The first thought I had was using SRC_URI and installing the files from WORKDIR, but that doesn’t work because image.bbclass defines do_fetch as noexec. According to this StackOverflow answer, you can define those as executable with Python function, make bitbake fetch the certificates from SRC_URI, and install them in a custom task, but it’s a bit risky to edit the core classes like that, so I’d advise against it.

Also, once again, if you want to generate the keys during the build, I recommend using a pre-build script to create and store the keys.

Connecting

The next logical step is of course connecting. I’m going to assume you have a service that starts the SSH server on the image, such service should exist by default if you install an SSH server using IMAGE_FEATURES. Note that OpenSSH and Dropbear clients expect the private key in their specific format, so you can’t use OpenSSH private key on Dropbear client or vice versa. Unless you convert them, more on that a bit later.

One thing to note when attempting an SSH connection. If you get asked for a password even when you shouldn’t, there’s a high chance that the user you’re trying to log in as has been locked. This happens for example if you don’t define a password when creating a user. Check the system log for relevant messages to debug the issue if you encounter it.

OpenSSH

OpenSSH client is the classic, fan-favourite ssh.
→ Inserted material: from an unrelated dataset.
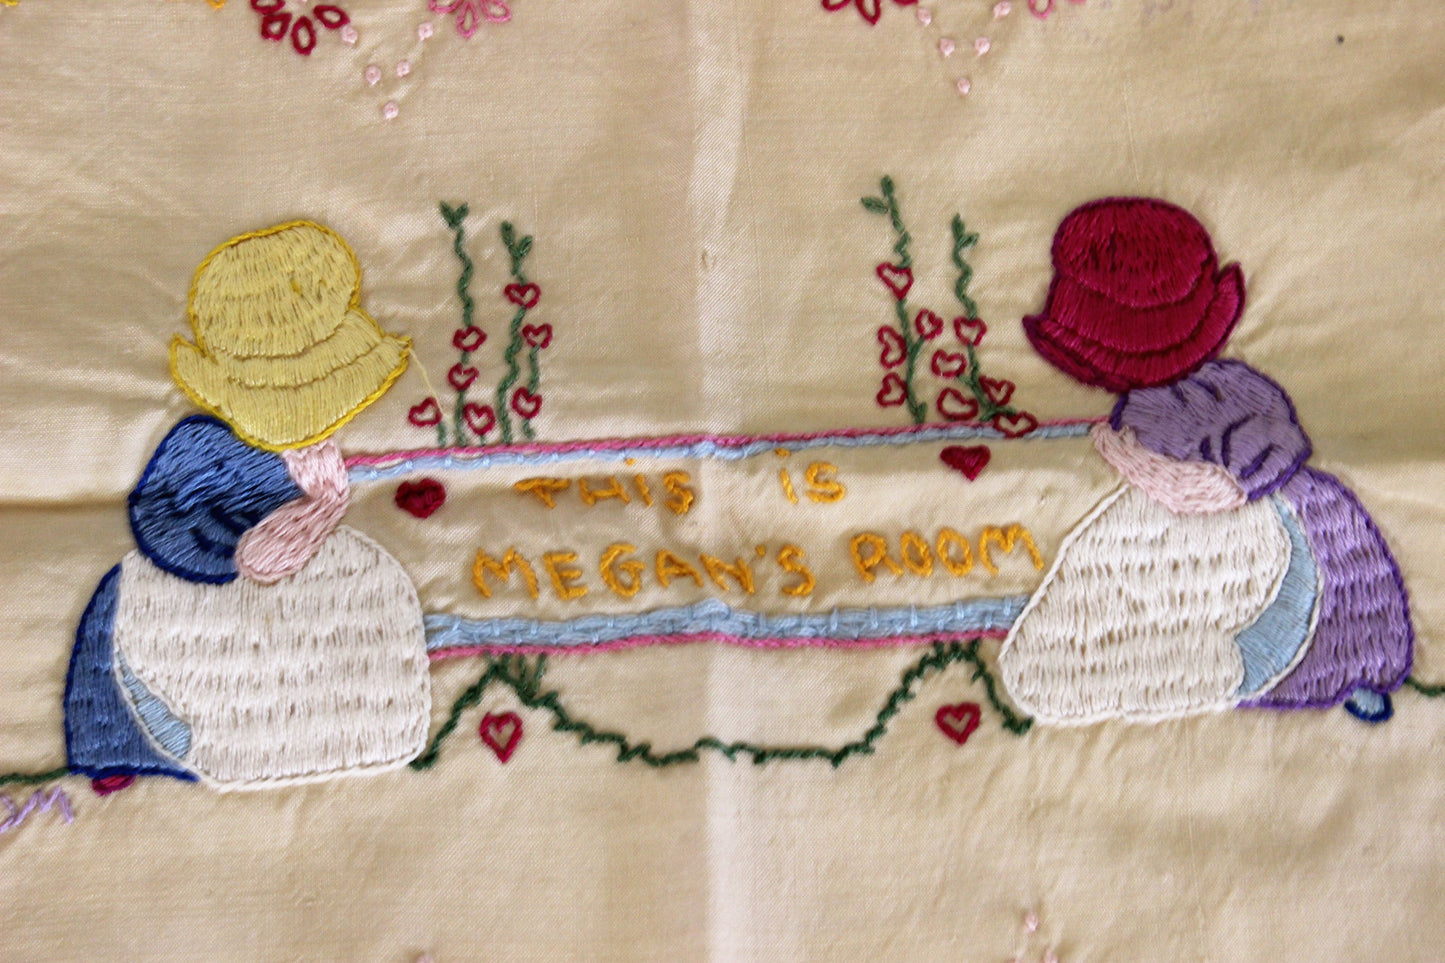 Vintage 1980s Embroidery Sampler Finished with Megans Room

To connect to a remote server with your private key, simply run:

ssh -i <PRIVATE_KEY_FILE> <USERNAME>@<IP>

The magic is the -i flag. You may want to add the key to the ssh-agent so that you won’t have to use the flag every time:

# Start ssh-agent
eval "$(ssh-agent -s)"
# Add key
ssh-add <PRIVATE_KEY_FILE>

After that the ssh command “should just work”. I personally don’t like things that “should just work”, but it saves some typing if you’re constantly connecting to a server.

Dropbear

Honestly, I didn’t even know that Dropbear has its own SSH client before writing this text. It turns out it has, which makes sense considering that it has its own key format. The client is called dbclient, and as one can guess, it focuses on being lightweight. One thing that may not be obvious from its name is that it has nothing to do with databases though. To connect to a remote server with the Dropbear format key, use the following command:

dbclient -i <PRIVATE_KEY_FILE> <USERNAME>@<IP>

Converting Keys

If you end up in a situation where you have the wrong type of private keys for your SSH client, you can use dropbearconvert to convert a key from Dropbear format into OpenSSH format:

dropbearconvert dropbear openssh <SOURCE_KEY> <DESTINATION_KEY>

The conversion from OpenSSH to Dropbear isn’t much harder either:

dropbearconvert openssh dropbear <SOURCE_KEY> <DESTINATION_KEY>

It’s worth noting that dropbearconvert converts only private keys. That’s because both OpenSSH and Dropbear use a similar type of public keys.

That’s all for this topic. These instructions should help you build an image that has a constant host certificate, and that you can connect to easily and password-free. Both are quite basic yet important features for a firmware image. If you have questions or comments let me know in the comments.